Venezuela: Pope Francis Embraces Dictator Maduro in Vatican as Opposition Decries Coup

Nicolas Maduro and Pope Francis
AFP, File

As hundreds of Chavista thugs stormed Venezuela’s National Assembly following the declaration of a state of dictatorship in the country, Pope Francis received said dictator, Nicolás Maduro, at the Vatican and announced a mediator role in “talks” between Maduro’s socialist regime and opposition legislators.

Maduro arrived Monday for a surprise meeting at the Vatican, following a tour of the Middle East in a desperate attempt to promote sales of Venezuelan oil. Despite being gifted with the world’s largest known oil reserves, Maduro’s government has managed to also secure Caracas the title of world’s most dangerous city, as well as its economy the world’s highest inflation rate. Venezuela is currently in a state of near-famine, where over 15 percent of the population must eat garbage to survive.

At the Vatican, the Pope “offered his personal contribution in favor of the institutional integrity of the nation and offered to take any step that would contribute to resolving open questions and generate greater trust between the parties,” according to a Vatican statement. Maduro reportedly agreed to start a “dialogue” with the opposition, beginning with a meeting scheduled for Sunday, October 30, on the island of Margarita.

While Maduro met with Pope Francis, the head of the opposition Democratic Unity Roundtable (MUD), legislator Jesús Torrealba met with Vatican envoy Monsignor Emil Paul Tscherrig and also agreed to the talks. “We’re embarking on a process of struggle that will be complex and difficult,” Torrealba said. In response to the deafening criticism Torrealba has begun to receive from opposition supporters who protest to the idea of a dialogue with the dictatorship, Torrealba said, “the situation is very delicate. Here, a mistake will not cost us votes, but lives.”

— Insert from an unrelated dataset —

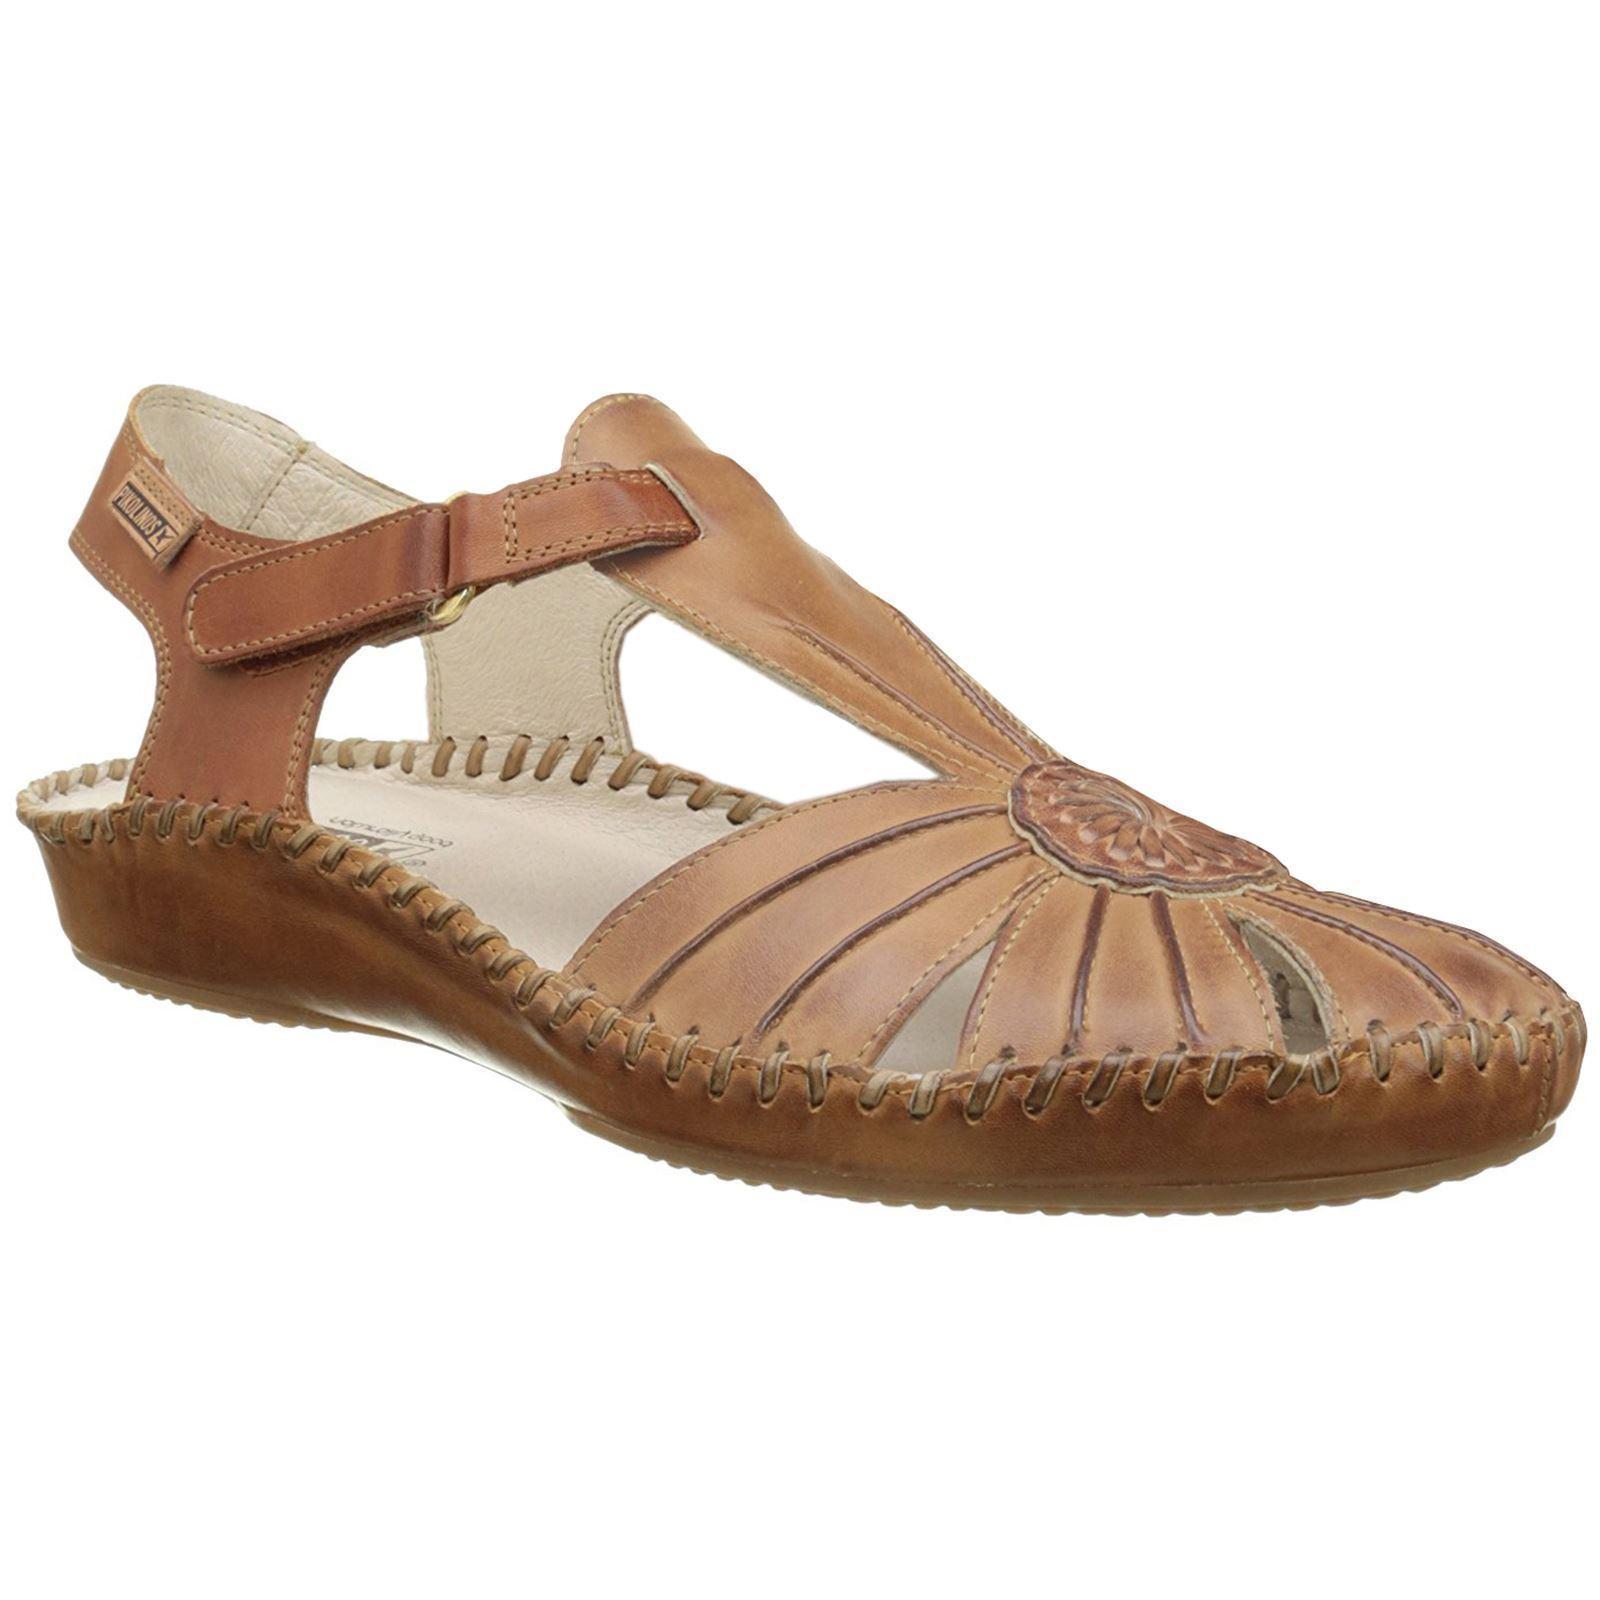 Pikolinos Puerto Vallarta 655-8899C1 Ivory Womens Leather T-Bar Sandals- 39/9
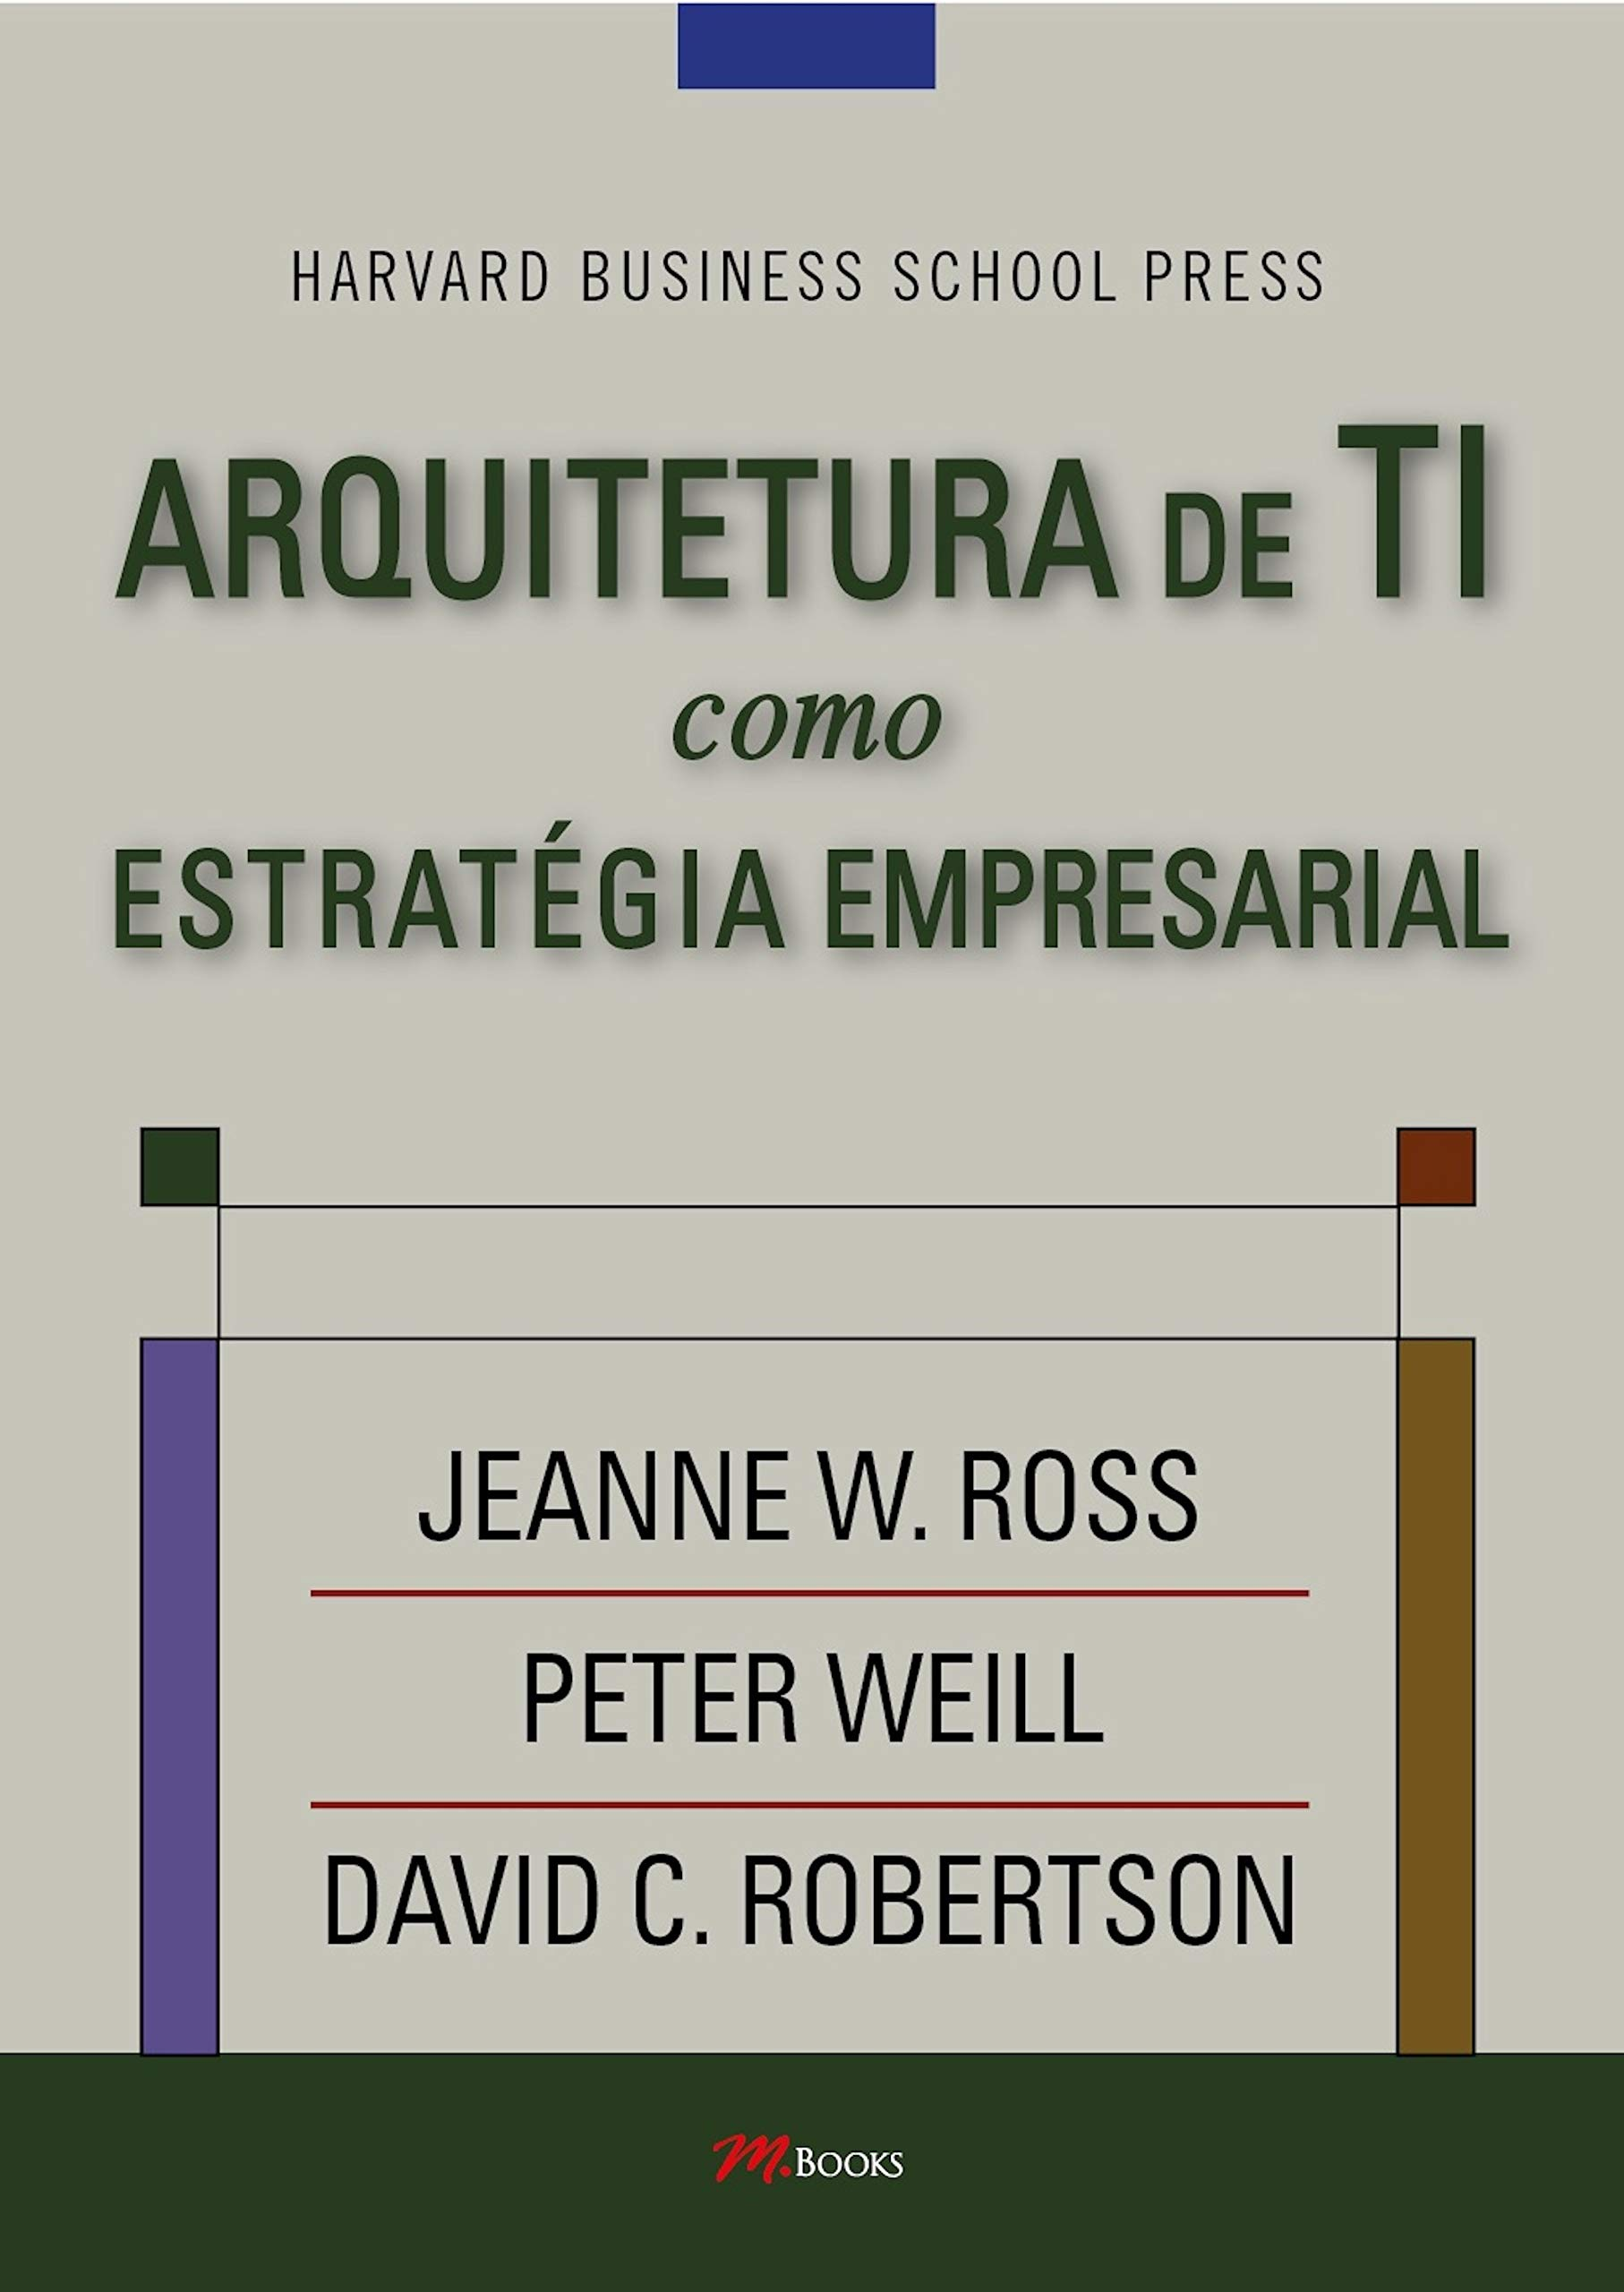 Arquitetura de TI como estratégia empresarial (Portuguese Edition)

There is no reliable estimate of the number of lives lost during Maduro’s tenure to police violence, a lack of medical supplies at hospitals, or starvation. Instead, the opposition continues to highlight the most outrageous deaths caused by Maduro’s policies of implementing state violence against the opposition and rationing basic goods:

  • 14-year-old Kluiverth Roa, killed by Venezuelan Bolivarian Guard police for shouting “stop the repression” in 2014
  • 22-year-old Genesis Carmona, a beauty queen, shot dead protesting Maduro’s government in 2013
  • 28-year-old Adriana Urquiola, shot to death near a protest in Miranda state. Urquiola was pregnant.
  • Luis Manuel Diaz, a regional anti-socialist leader shot to death at a political rally
  • An unnamed 16-year-old, beaten to death by the Bolivarian National Guard
  • 17 infants in an Anzoátegui state hospital, killed by infections prompted by a possum infestation the hospital had no sanitation supplies to curb

The Vatican statement did not address the state violence Maduro has prompted during his tenure, just as the Vatican also did not address state violence in its mediator role between the United States and the communist government of Cuba. Following President Barack Obama’s 2014 announcement that the United States would make major economic and political concessions to the regime of dictator Raúl Castro, the Vatican revealed that Pope Francis had worked to make the deal possible.

Pope Francis subsequently visited Cuba, an event that resulted in hundreds of violent arrests of dissidents on the island, including one dissident beaten and arrested in Pope Francis’s presence. The pope denied having seen that arrest and, when asked about human rights abuses in Cuba, alleged that Europe has similar human rights struggles, without providing examples.

Maduro crushed a Constitutional attempt to remove him via recall vote on Sunday; his Electoral Commission claimed the signatures collected to put the presidency on the ballot again were invalid, without providing any evidence for that declaration. Torrealba and his MUD party responded with a Congressional declaration of a state of “coup d’etat,” which requires the Venezuelan military to ignore any commands from Maduro and renders his authority as president legally invalid until “a state of constitutionality is restored.”